Now we Need a Differentiable $Loss$ $Function$ that will work for $classification$.

I think the easiest way to understand the most commonly used $Loss$ $Function$ for classification is show how it works on a graph

the $red$ $dot$ with the $probability$ $of$ $Loving$ $Troll2$ = $0$ represents the one person that does not $Love$ $Troll2$  

and the $Blue$ $Dots$ with a $probability$ $of$ $Loving$ $Troll2=1$ , represents the two people that $Love$ $Troll2$.

in other words the $Red$ and $Blue$  dots are the $observed$ values.

and we can draw a dotted line to represent the $predicted$ $probability$ that someone $Love$ $Troll2$.

In this examples i have set the $probability$ to $0.67$ $predicted$.

Now just we do for $Logistic$ $Regression$ we can calculate the $log(likelihood)$ of the data given the predicted probability.

Log(likelihood of the observed data given the prediction) equal to.

\begin{equation}
\sum_{i=1}^Ny_{i}{\log(p)} + (1-y_{i}){\log(1-p)}
\end{equation}

p's refer to the predicted probability which is 0.67 in this example:

and y_{i} refer to the observed values for $Loves$ $Troll2$.
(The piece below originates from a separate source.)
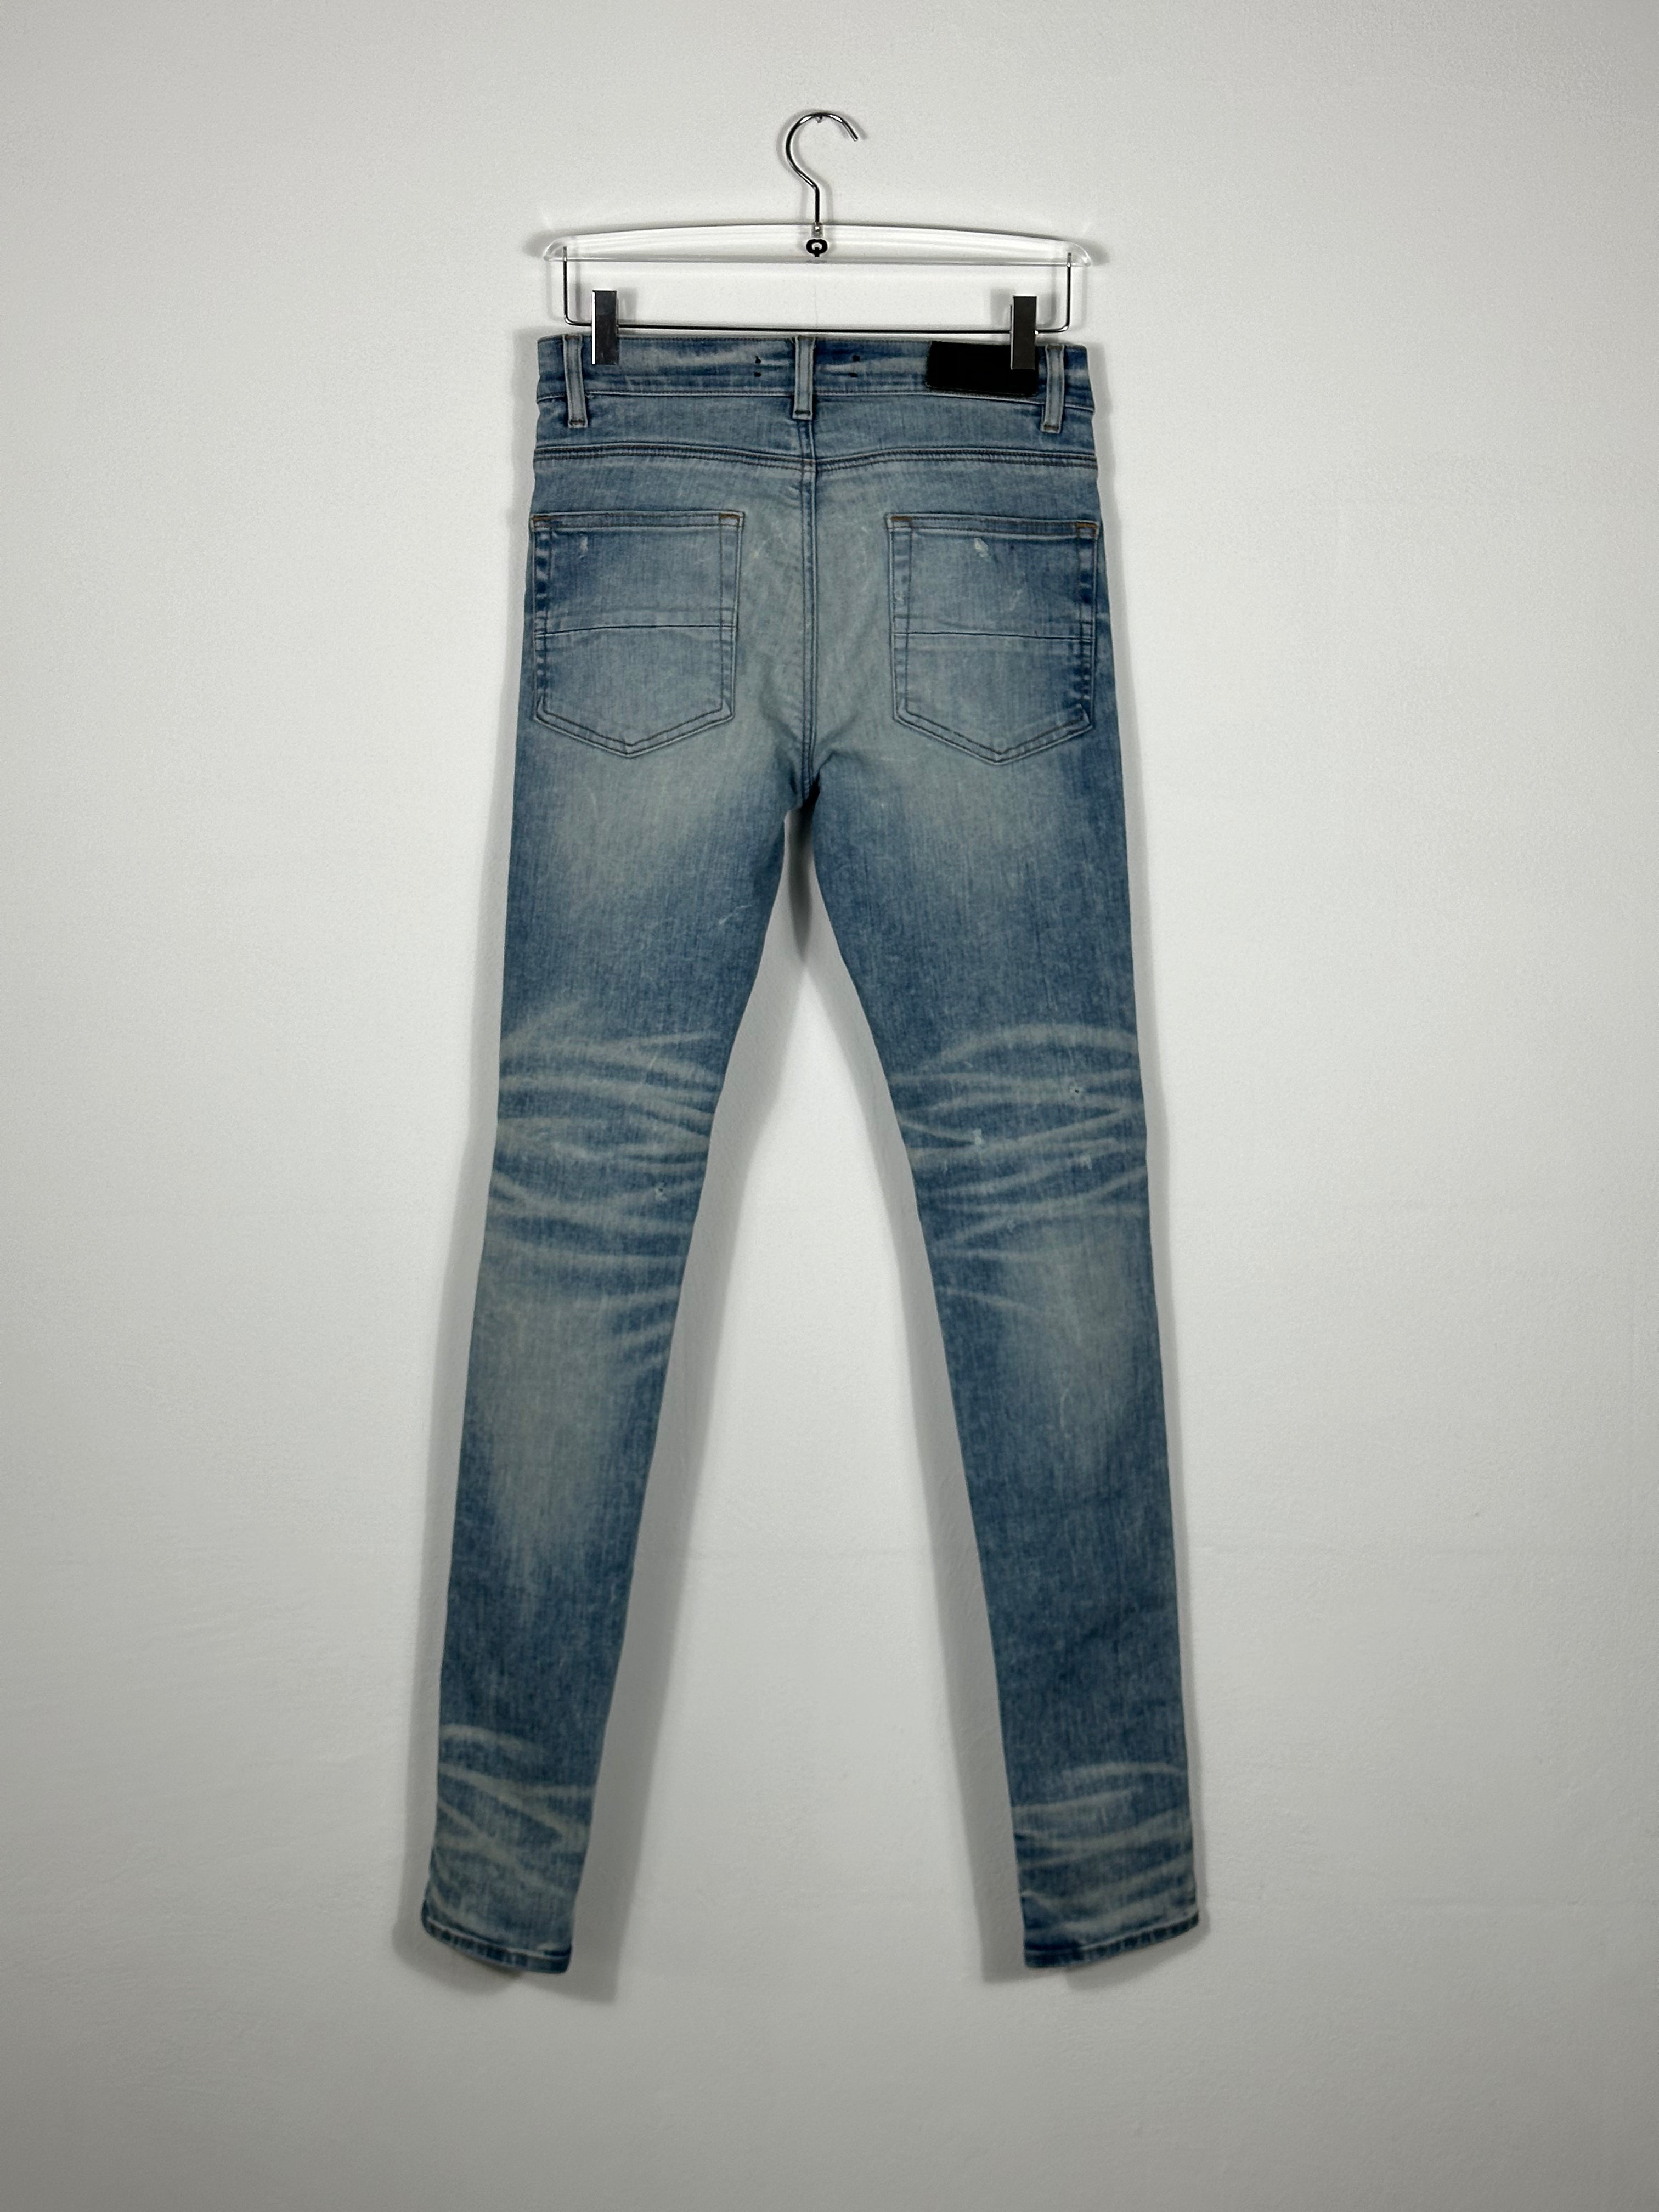 Ripped Skinny Jeans by Sfera Ebbasta

for the two people who $Love$ $Troll2$ $y_{i} = 1$ which means that this term will be $0$ ,${(1-y_{i}){\log}(1-p)}$ 

leaving just ${\log(p)}$.

in constrast  for the one person who does not $Love$ $Troll2$ $y_{i}=0$ which means $y_{i}{\log(p)}$ this trem will be zero.

leaving just ${\log(1-p)}$.

Now Summation to calculate the $log(likelihood)$ of all three $observed$ values.

we will start by calculating the $log(likelihood)$ for the first person...

because this person $love$ $troll2$ $y_{1}=1$.

\begin{equation}
y_{1}*{\log(p)} + (1-y_{1})*{\log(1-p)}
\end{equation}

\begin{equation}
1*{\log(p)} + (1-1)*{\log(1-p)}
\end{equation}

\begin{equation}
1*{\log(p)}  = {\log(0.67)}
\end{equation}

and the $log(likelihood)$ for the first person given the predicted probability is the ${\log(0.67)}$.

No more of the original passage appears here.